DATASET EXCERPTS ▸
********************

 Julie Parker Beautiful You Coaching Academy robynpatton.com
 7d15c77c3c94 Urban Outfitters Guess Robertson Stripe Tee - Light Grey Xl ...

********************

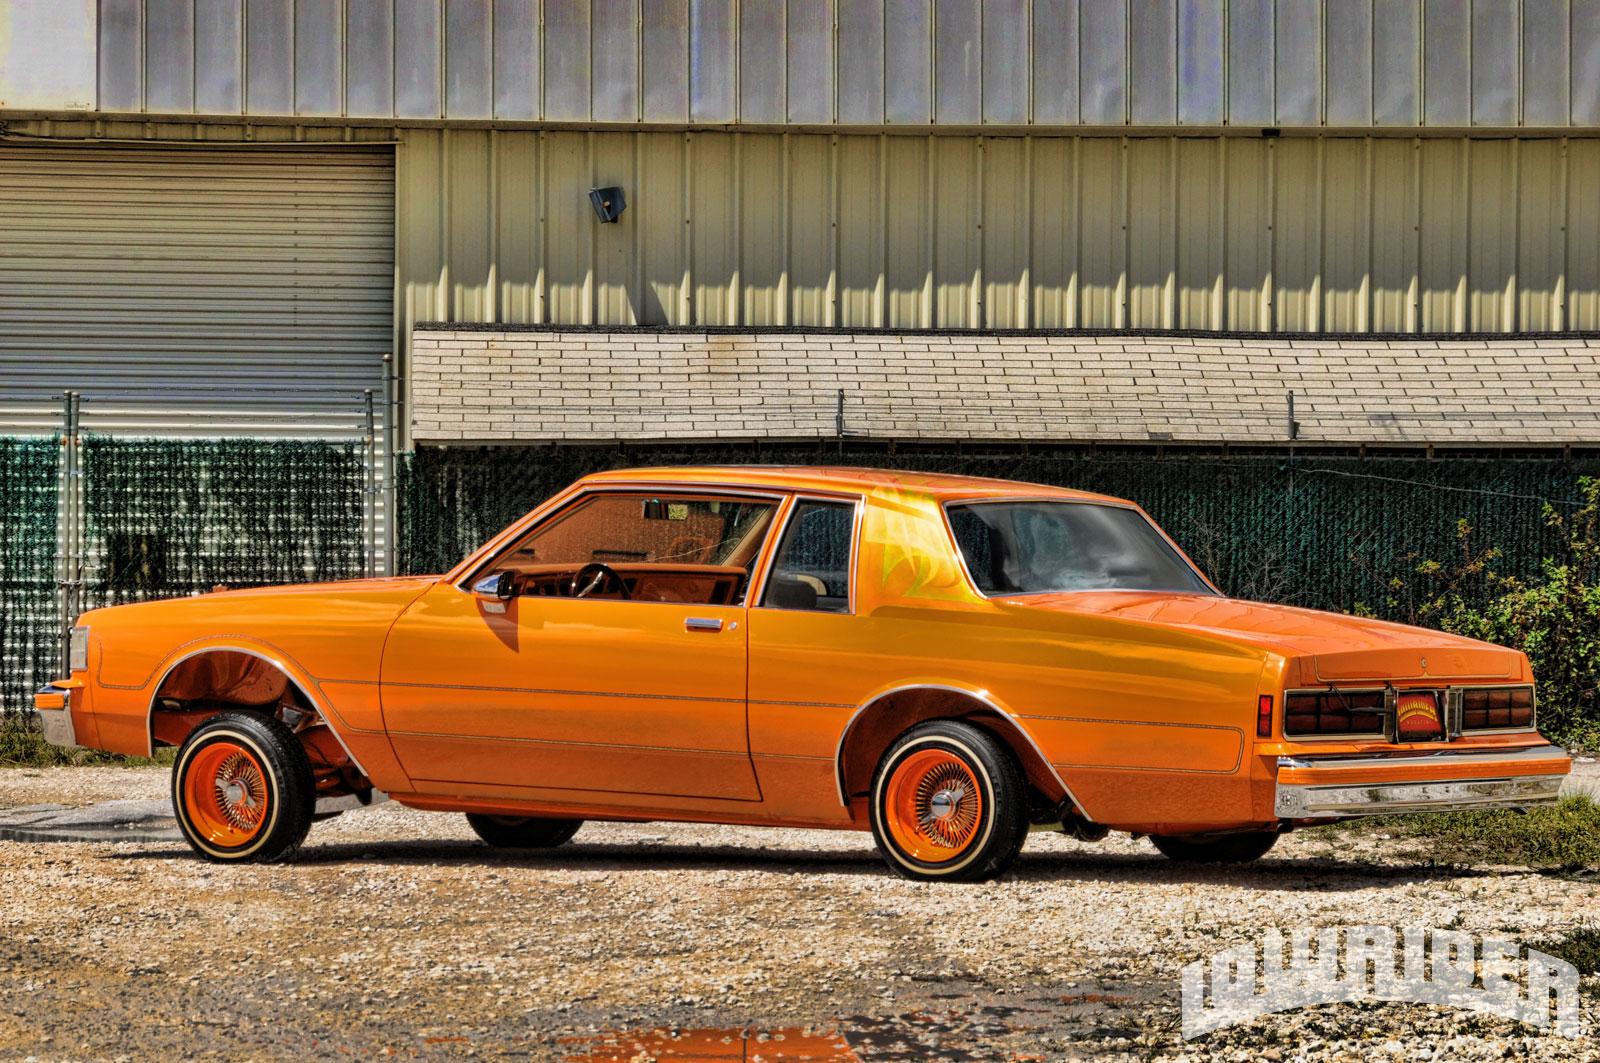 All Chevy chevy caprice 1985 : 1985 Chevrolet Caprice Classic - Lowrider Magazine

********************

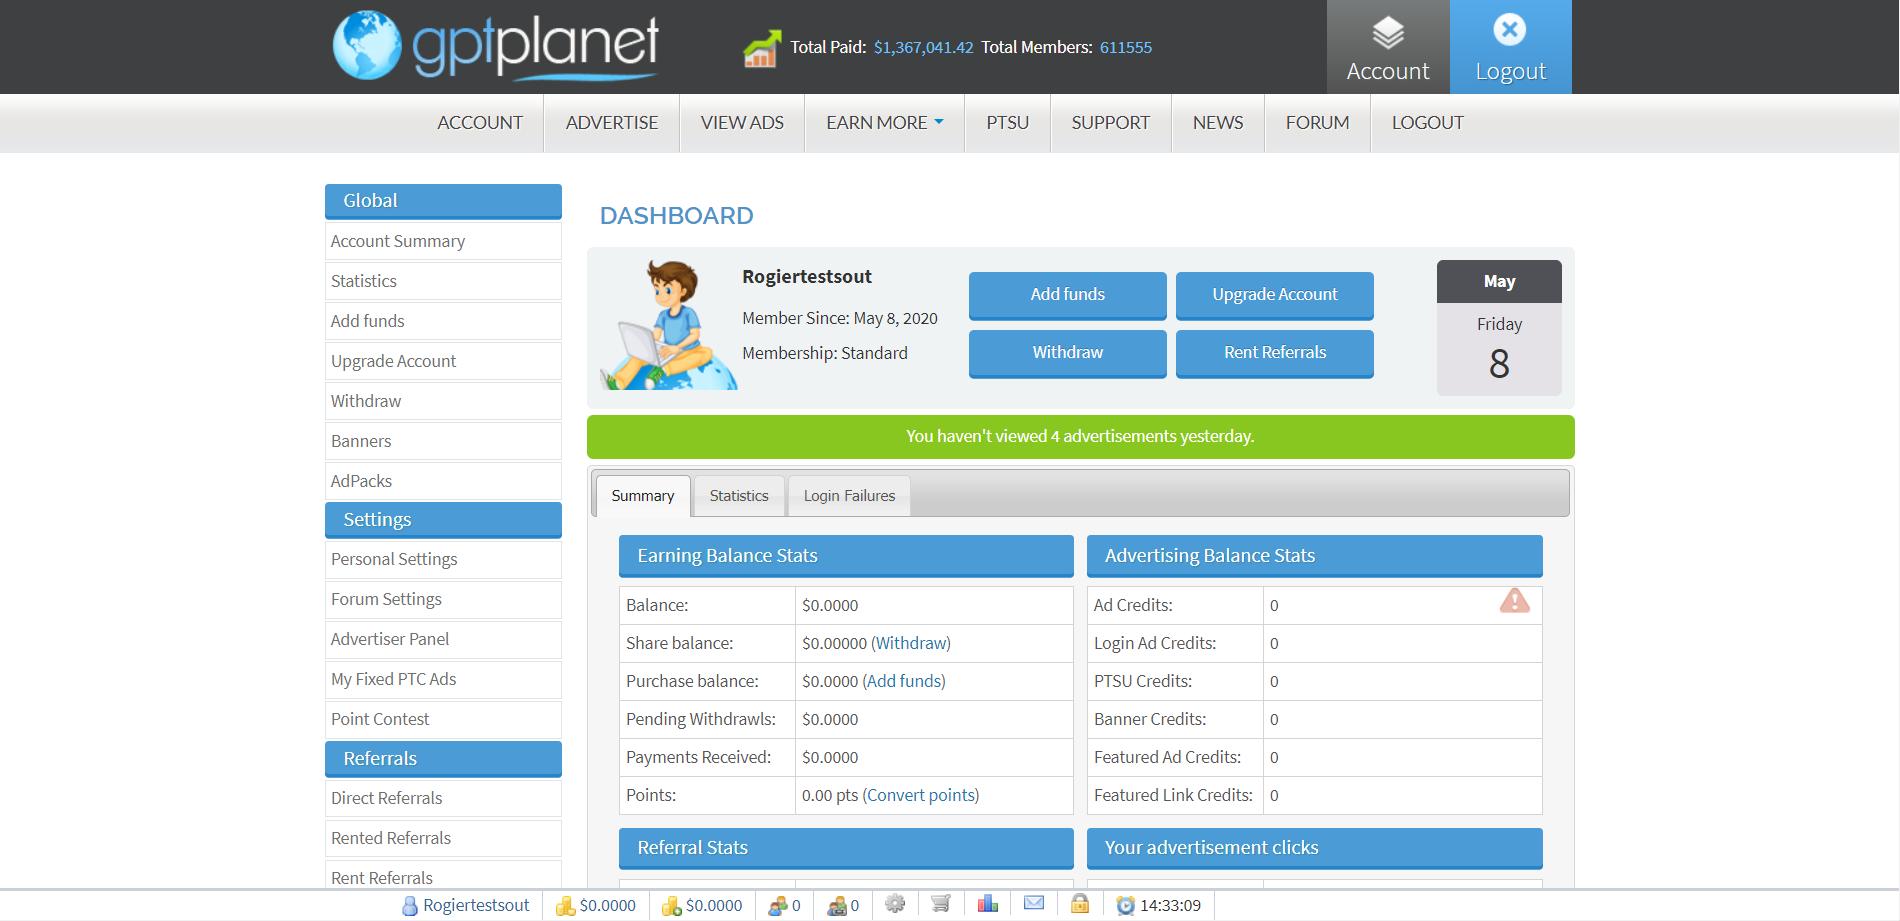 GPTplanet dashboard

********************

YOUR OBJECTIVE ▸
All that belongs in your answer is the stretch of entries above from the line with "Julie Parker Beautiful" through the line with "7d15c77c3c94 Urban Outfitters", printed exactly.

TASK SOLUTION ▸
 Julie Parker Beautiful You Coaching Academy robynpatton.com
 7d15c77c3c94 Urban Outfitters Guess Robertson Stripe Tee - Light Grey Xl ...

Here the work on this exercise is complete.